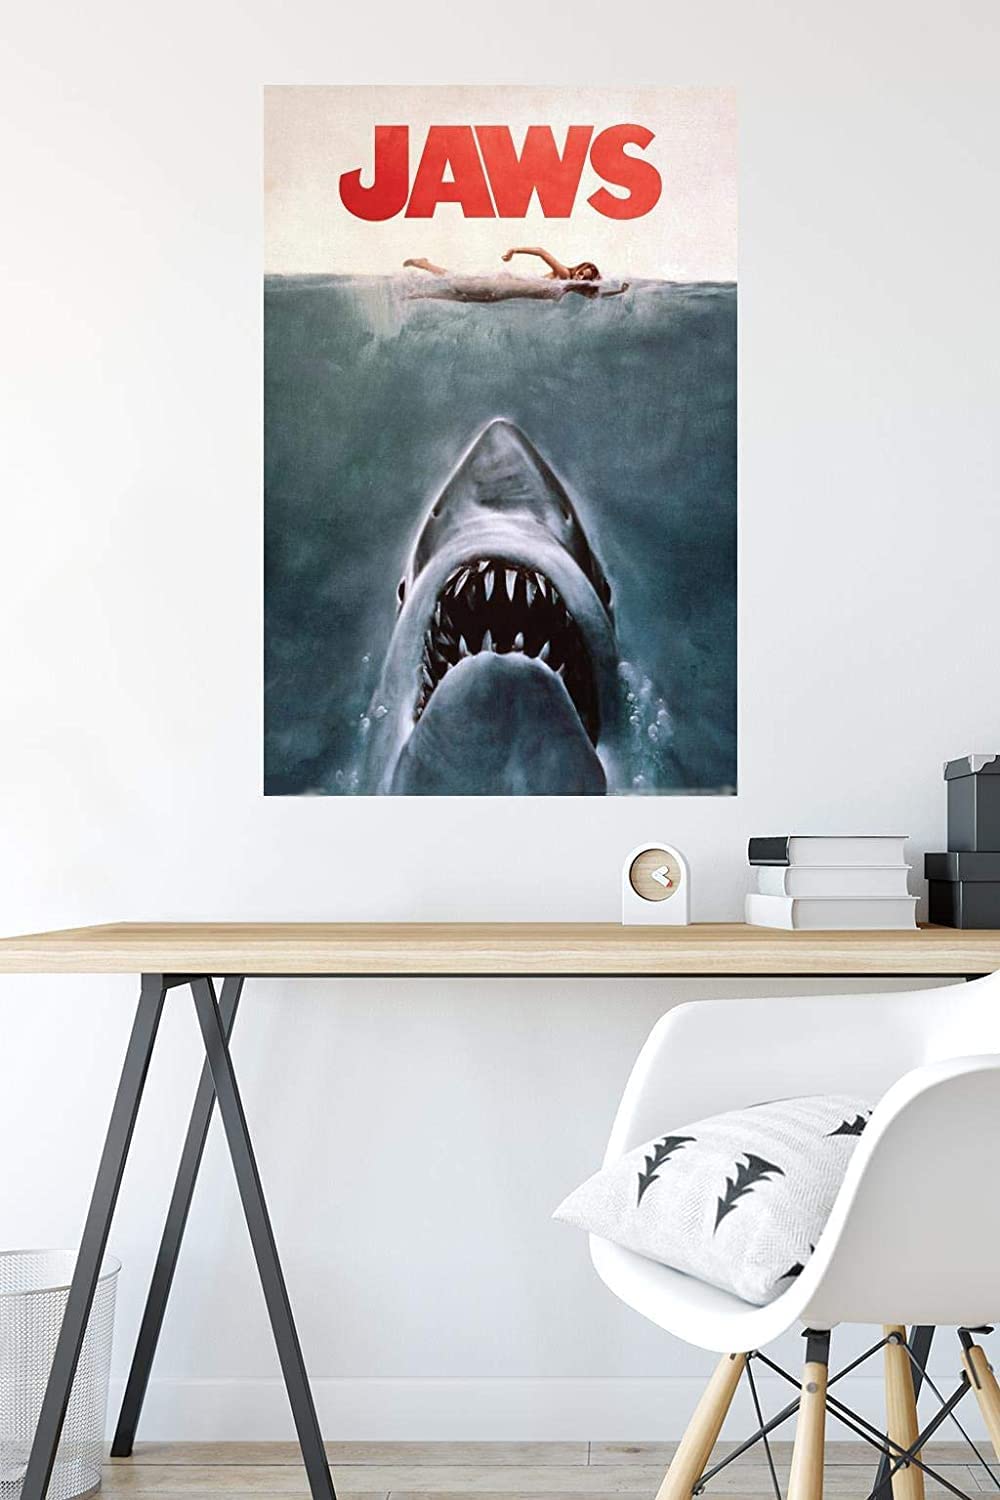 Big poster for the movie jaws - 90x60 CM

========================================

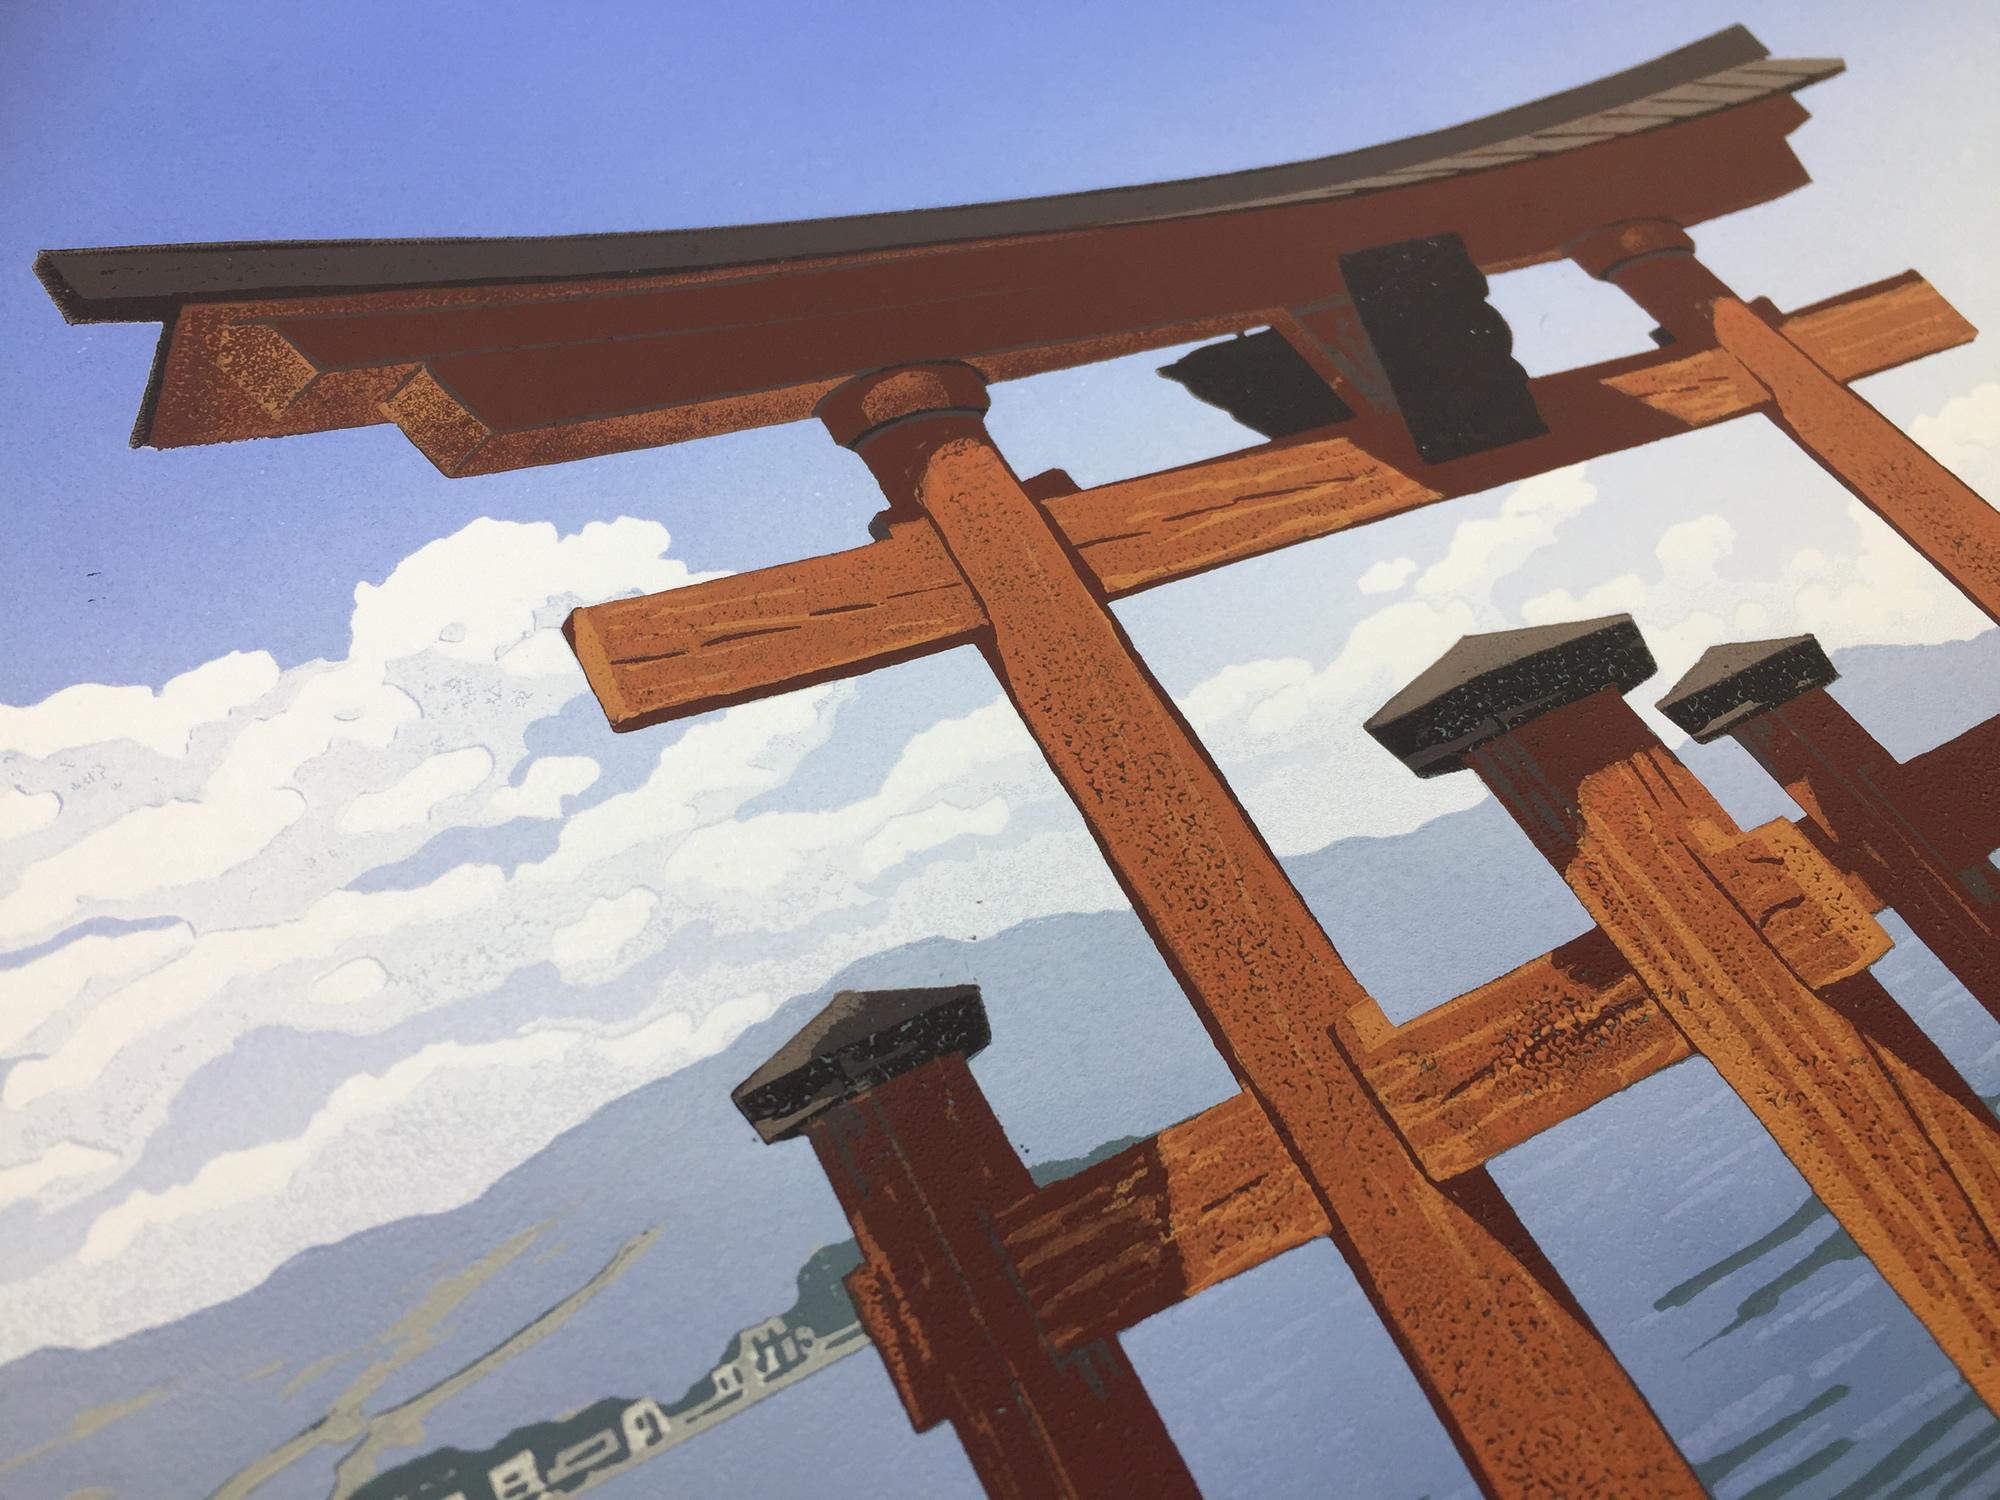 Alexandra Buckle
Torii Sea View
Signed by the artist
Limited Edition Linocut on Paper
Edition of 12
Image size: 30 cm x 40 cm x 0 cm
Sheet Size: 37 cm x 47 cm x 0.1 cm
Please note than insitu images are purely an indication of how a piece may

========================================

→ **TASK TO CARRY OUT**
The lines holding the word "Edition" are the answer. Find them in the entries and copy them.

→ **SOLUTION FOR THIS TASK**
Limited Edition Linocut on Paper
Edition of 12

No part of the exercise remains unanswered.